Generating Wikipedia Embeddings#

This tutorial demonstrates how to create embeddings for the Wikipedia dataset using Union actors. Union actors enable us to reuse the container, allowing the model to remain readily available for generating embeddings and eliminating the need for repeated downloads. In short, setting up an actor task enables us to transform a standard batch job into near-real-time inference.

Let’s get started by importing the necessary libraries and modules:

Run on Union BYOC

Once you have a Union account, install union:

pip install union

Export the following environment variable to build and push images to your own container registry:

# replace with your registry name
export IMAGE_SPEC_REGISTRY="<your-container-registry>"

Then run the following commands to run the workflow:

git clone https://github.com/unionai/unionai-examples
cd wikipedia_embeddings_on_actor
# create a huggingface key: https://huggingface.co/settings/tokens, then run the following command
union secrets create hf-api-key --value <your_huggingface_api_key>
union run --remote wikipedia_embeddings_on_actor.py embed_wikipedia

The source code for this tutorial can be found here .

import functools
import logging
import pathlib
import shutil
from pathlib import Path
import flytekit as fl
import pandas as pd
import torch
from flytekit.core.utils import timeit
from flytekit.types.directory import FlyteDirectory
from union.actor import ActorEnvironment

Creating a secret#

This workflow requires a HuggingFace API key. To set up the secret:

  1. Generate an API key from the HuggingFace website

  2. Create a secret using the Union CLI:

union create secret hf-api-key
SERVERLESS_HF_KEY = "hf-api-key"

Defining the imagespec and actor environment#

The container image specification includes all required dependencies, while the actor environment defines the runtime parameters for execution.

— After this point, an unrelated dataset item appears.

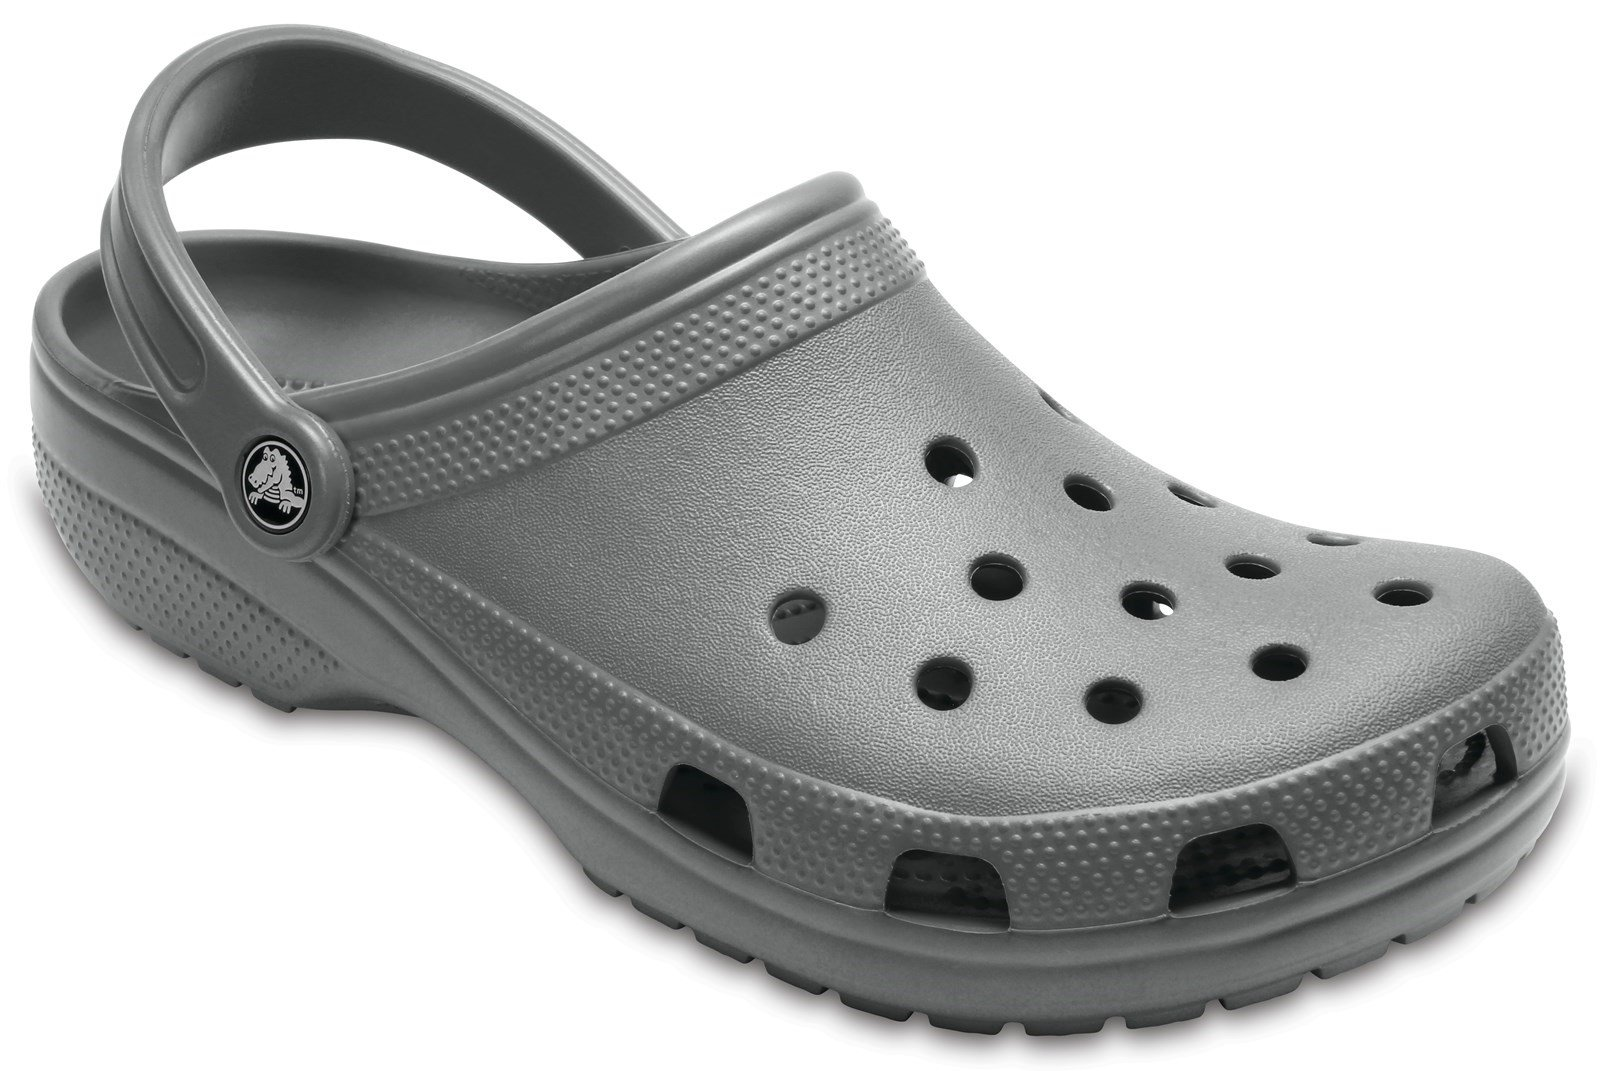 Crocs Unisex Classic Clog Sandal Various Colours 21060 - Slate Grey 8

embedding_image = fl.ImageSpec(
    name="wikipedia_embedder",
    packages=[
        "datasets",
        "sentence_transformers",
        "pandas",
        "requests>=2.29.0",
        "union>=0.1.117",
    ],
    python_version="3.11",
)
actor = ActorEnvironment(
    name="wikipedia-embedder-env",
    replica_count=20,
    ttl_seconds=900,
    requests=fl.Resources(gpu="1", mem="12Gi", cpu="5"),
    container_image=embedding_image,
)

The actor configuration assigns a GPU for accelerated encoding and provisions 20 workers for concurrent task execution.

Caching the model#

We cache the model download task to ensure the model remains available between executions, avoiding redundant downloads from the HuggingFace hub.

@fl.task(
    cache=True,
    cache_version="0.1",
    requests=fl.Resources(mem="5Gi"),
    secret_requests=[fl.Secret(key=SERVERLESS_HF_KEY)],
    container_image=embedding_image,
)
def download_model(embedding_model: str) -> FlyteDirectory:
    from huggingface_hub import login, snapshot_download

    ctx = fl.current_context()
    working_dir = Path(ctx.working_directory)
    cached_model_dir = working_dir / "cached_model"

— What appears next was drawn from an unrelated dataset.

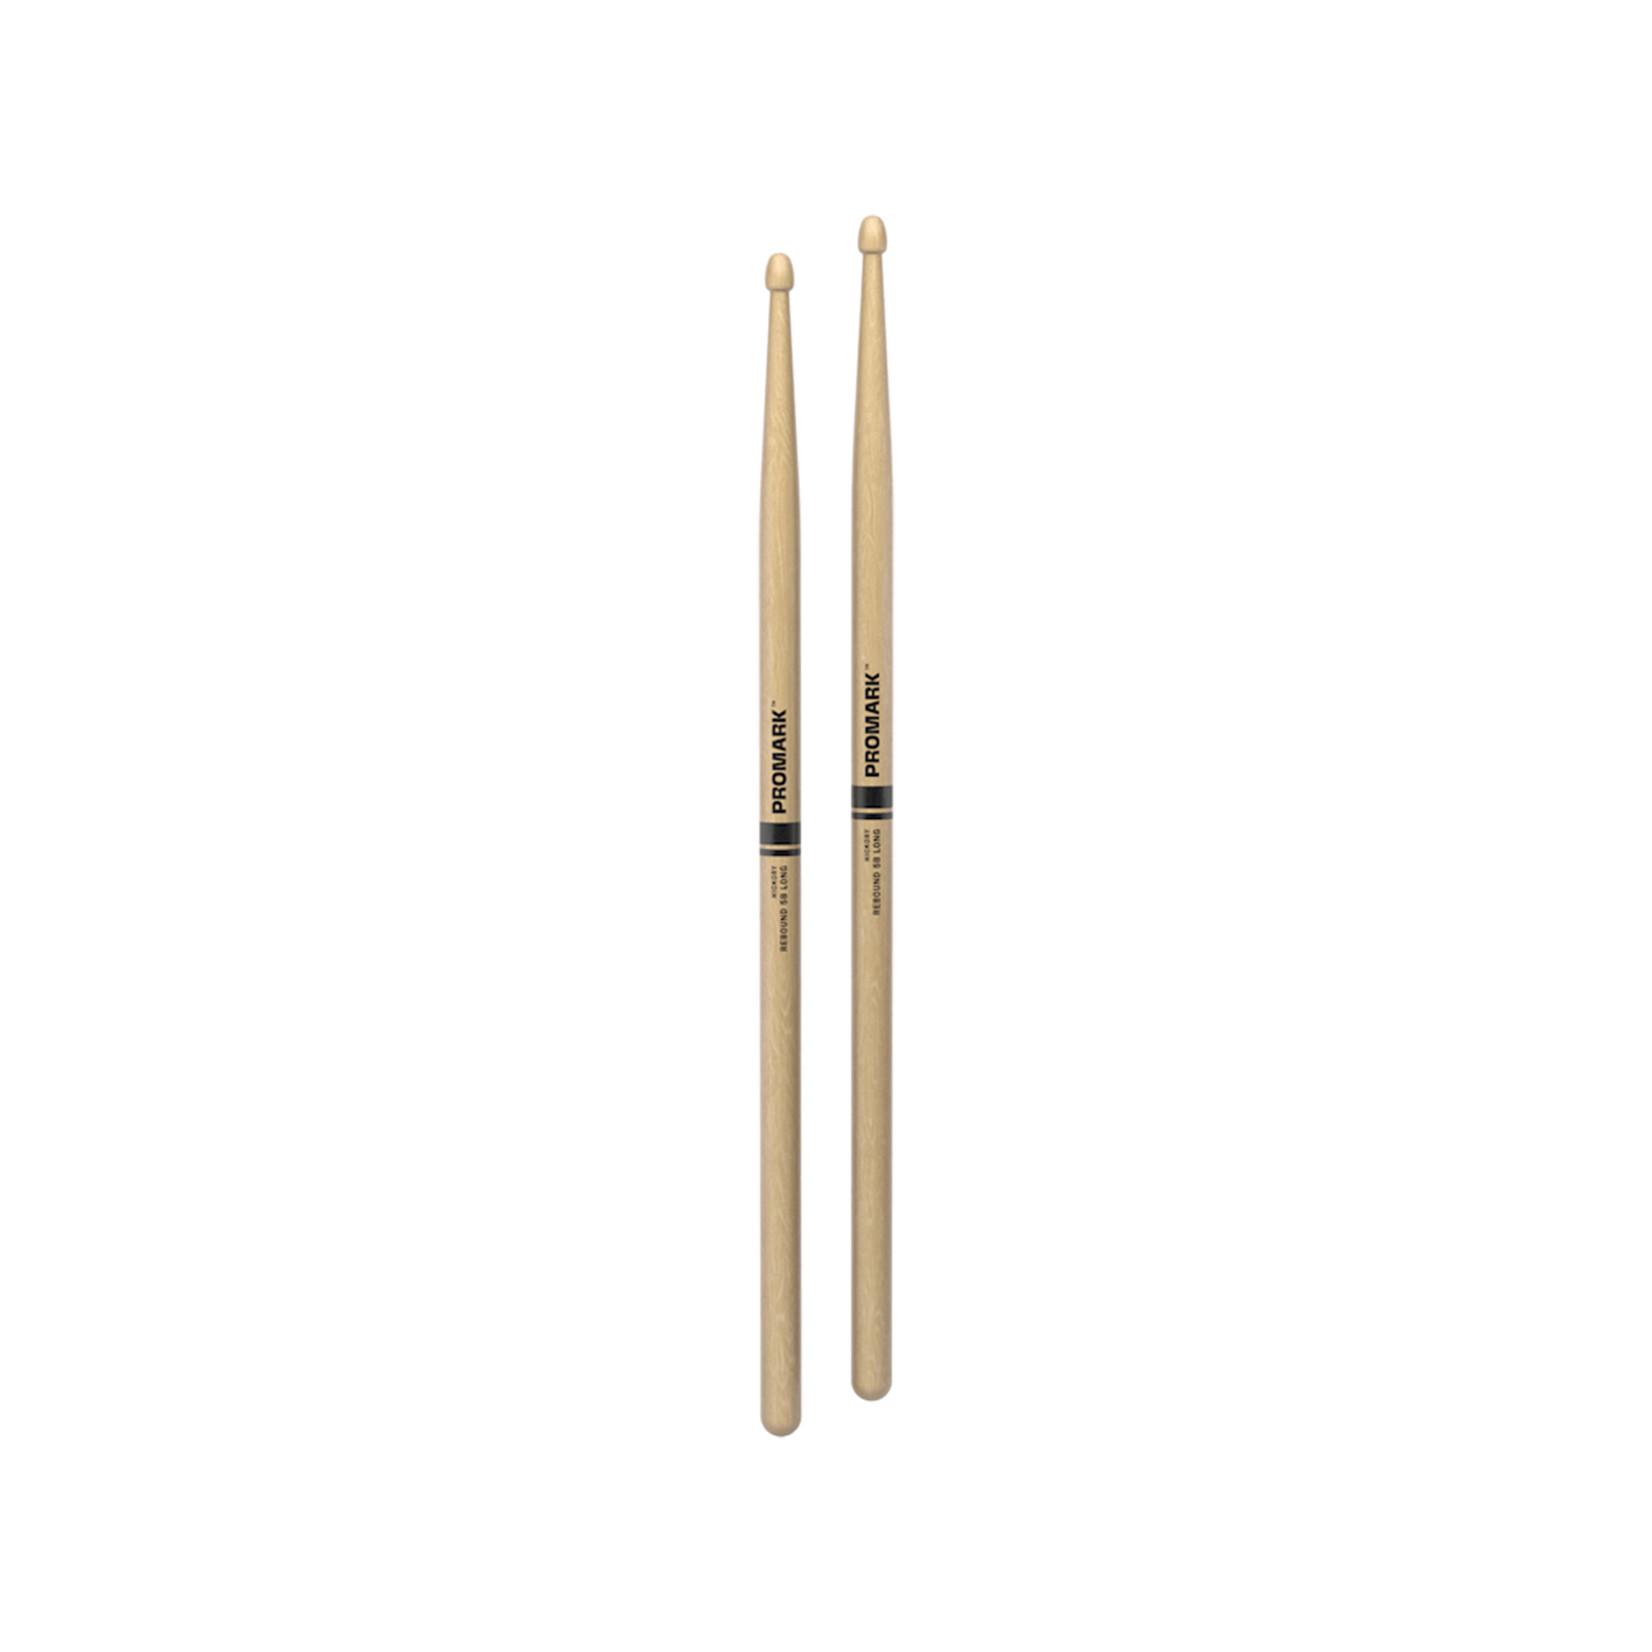 Promark ProMark Rebound 5B Long Hickory Acorn Wood Tip Drumstick

    login(token=ctx.secrets.get(key=SERVERLESS_HF_KEY))
    snapshot_download(embedding_model, local_dir=cached_model_dir)
    return FlyteDirectory(path=cached_model_dir)

Defining an actor task#

An actor task is used to handle data encoding efficiently. To optimize performance, the model is not reloaded if it is already available locally. Actor tasks enable this by allowing you to reuse a container across multiple tasks.

@actor.task(cache=True, cache_version="1.1")
def encode(
    df: pd.DataFrame, batch_size: int, model_dir: FlyteDirectory
) -> torch.Tensor:
    from sentence_transformers import SentenceTransformer

    local_path = Path("/tmp/embedding-model")

    if not local_path.exists():
        temp_local_path = model_dir.download()
        shutil.copytree(src=temp_local_path, dst=str(local_path))

    encoder = SentenceTransformer(str(local_path))
    encoder.max_seq_length = 256

    print(f"Loaded encoder into device: {encoder.device}")
    return encoder.encode(
        df["text"],
        convert_to_tensor=True,
        show_progress_bar=True,
        batch_size=batch_size,
    )

Defining a partitions task#

Next, we define a task to list all partitions for the dataset. This task downloads the data and iterates over the directory to create partitions.

@fl.task(
    container_image=embedding_image,
    requests=fl.Resources(mem="4Gi", cpu="3"),
    cache=True,
    cache_version="1.1",
)
def list_partitions(
    name: str, version: str, num_proc: int
) -> list[fl.StructuredDataset]:
    from datasets import DownloadConfig, load_dataset_builder

    dsb = load_dataset_builder(
        name, version, cache_dir="/tmp/hfds", trust_remote_code=True
    )
    logging.log(logging.INFO, f"Downloading {name} {version}")
    with timeit("download"):
        dsb.download_and_prepare(
            file_format="parquet",
            download_config=DownloadConfig(disable_tqdm=True, num_proc=num_proc),
        )
    logging.log(logging.INFO, f"Download complete")
    p = pathlib.Path(dsb.cache_dir)
    i = 0
    partitions = []
    for f in p.iterdir():
        if "parquet" in f.name:
            print(f"Encoding {i}: {f}")
            partitions.append(fl.StructuredDataset(uri=str(f)))
        i += 1
    return partitions

Defining a workflow#

We define a workflow that sequentially calls all tasks, including the map task, which performs embeddings in parallel in sets of 20 because the actor replica count is set to 20, provided the required number of GPUs is available.

After the initial run, subsequent encode tasks reuse the actor environment, resulting in faster encoding.

This workflow returns a list of embeddings as Torch tensors.

@fl.workflow
def embed_wikipedia(
    name: str = "wikipedia",
    version: str = "20220301.en",
    num_proc: int = 4,
    embedding_model: str = "BAAI/bge-small-en-v1.5",
    batch_size: int = 128,
) -> list[torch.Tensor]:
    partitions = list_partitions(name=name, version=version, num_proc=num_proc)
    model_dir = download_model(embedding_model=embedding_model)
    return fl.map_task(
        functools.partial(encode, batch_size=batch_size, model_dir=model_dir)
    )(df=partitions)